XMLWriter

class astropy.utils.xml.writer.XMLWriter(file)[source]

Bases: object

A class to write well-formed and nicely indented XML.

Use like this:

w = XMLWriter(fh)
with w.tag('html'):
    with w.tag('body'):
        w.data('This is the content')

Which produces:

<html>
 <body>
  This is the content
 </body>
</html>
Parameters:
filewritable file-like object python:file-like object

Methods Summary

close(id)

Closes open elements, up to (and including) the element identified by the given identifier.

comment(comment)

Adds a comment to the output stream.

data(text)

Adds character data to the output stream.

element(tag[, text, wrap, attrib])

Adds an entire element.

end([tag, indent, wrap])

Closes the current element (opened by the most recent call to start).

flush()

get_indentation()

Returns the number of indentation levels the file is currently in.

get_indentation_spaces([offset])

Returns a string of spaces that matches the current indentation level.

object_attrs(obj, attrs)

Converts an object with a bunch of attributes on an object into a dictionary for use by the XMLWriter.

start(tag[, attrib])

Opens a new element.

tag(tag[, attrib])

A convenience method for creating wrapper elements using the with statement.

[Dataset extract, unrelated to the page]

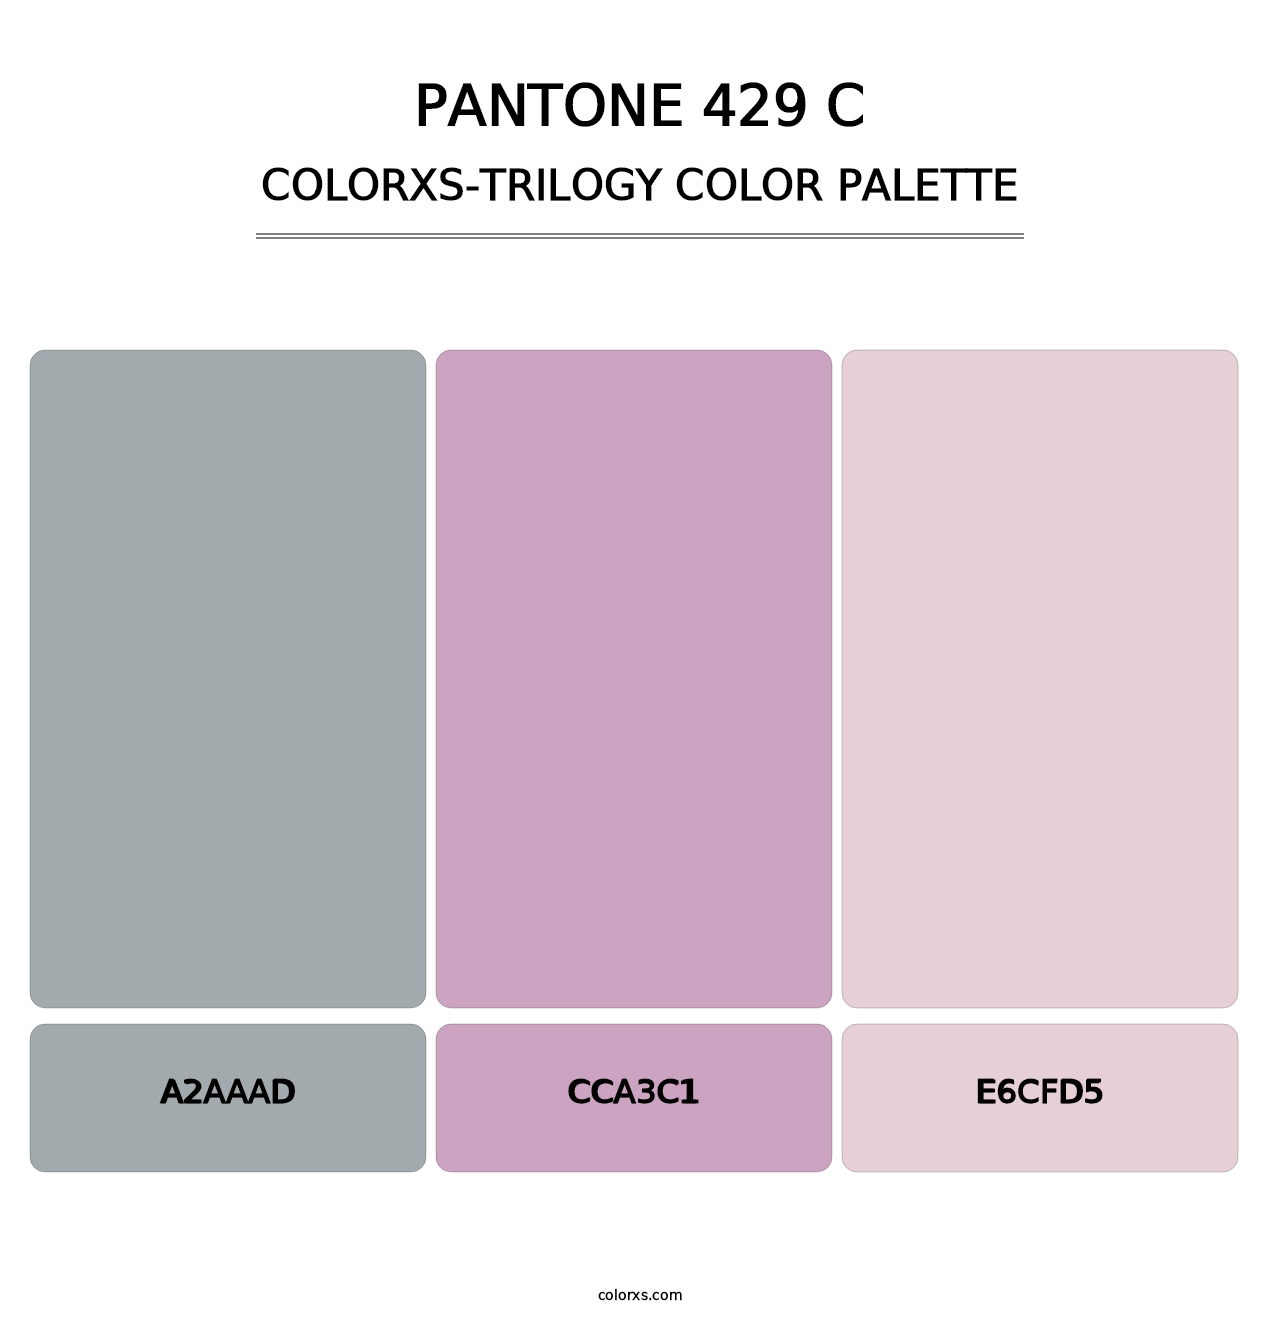 PANTONE 429 C - Colorxs Trilogy Palette

xml_cleaning_method([method])

Context manager to control how XML data tags are cleaned (escaped) to remove potentially unsafe characters or constructs.

Methods Documentation

close(id)[source]

Closes open elements, up to (and including) the element identified by the given identifier.

Parameters:
idpython:int

Element identifier, as returned by the start method.

comment(comment)[source]

Adds a comment to the output stream.

Parameters:
commentpython:str

Comment text, as a Unicode string.

data(text)[source]

Adds character data to the output stream.

Parameters:
textpython:str

Character data, as a Unicode string.

element(tag, text=None, wrap=False, attrib={}, **extra)[source]

Adds an entire element. This is the same as calling start, data, and end in sequence. The text argument can be omitted.

end(tag=None, indent=True, wrap=False)[source]

Closes the current element (opened by the most recent call to start).

Parameters:
tagpython:str

Element name. If given, the tag must match the start tag. If omitted, the current element is closed.

flush()[source]
get_indentation()[source]

Returns the number of indentation levels the file is currently in.

get_indentation_spaces(offset=0)[source]

Returns a string of spaces that matches the current indentation level.

static object_attrs(obj, attrs)[source]

Converts an object with a bunch of attributes on an object into a dictionary for use by the XMLWriter.

Parameters:
objobject

Any Python object

attrspython:sequence of python:str

Attribute names to pull from the object

Returns:
attrspython:dict

Maps attribute names to the values retrieved from obj.attr. If any of the attributes is None, it will not appear in the output dictionary.

start(tag, attrib={}, **extra)[source]

Opens a new element. Attributes can be given as keyword arguments, or as a string/string dictionary. The method returns an opaque identifier that can be passed to the close() method, to close all open elements up to and including this one.

Parameters:
tagpython:str

The element name

attribpython:dict of python:str -> python:str

Attribute dictionary. Alternatively, attributes can be given as keyword arguments.

Returns:
idpython:int

Returns an element identifier.

tag(tag, attrib={}, **extra)[source]

A convenience method for creating wrapper elements using the with statement.

Examples

>>> with writer.tag('foo'):  
...     writer.element('bar')
... # </foo> is implicitly closed here
...

Parameters are the same as to start.

xml_cleaning_method(method='escape_xml', **clean_kwargs)[source]

Context manager to control how XML data tags are cleaned (escaped) to remove potentially unsafe characters or constructs.

The default (method='escape_xml') applies brute-force escaping of certain key XML characters like <, >, and & to ensure that the output is not valid XML.

In order to explicitly allow certain XML tags (e.g. link reference or emphasis tags), use method='bleach_clean'. This sanitizes the data string using the clean function of the bleach package. Any additional keyword arguments will be passed directly to the clean function.

Finally, use method='none' to disable any sanitization. This should be used sparingly.

Example:

w = writer.XMLWriter(ListWriter(lines))
with w.xml_cleaning_method('bleach_clean'):
    w.start('td')
    w.data('<a href="https://google.com">google.com</a>')
    w.end()
Parameters:
methodpython:str

Cleaning method. Allowed values are “escape_xml”, “bleach_clean”, and “none”.

**clean_kwargskeyword args

Additional keyword args that are passed to the bleach.clean() function.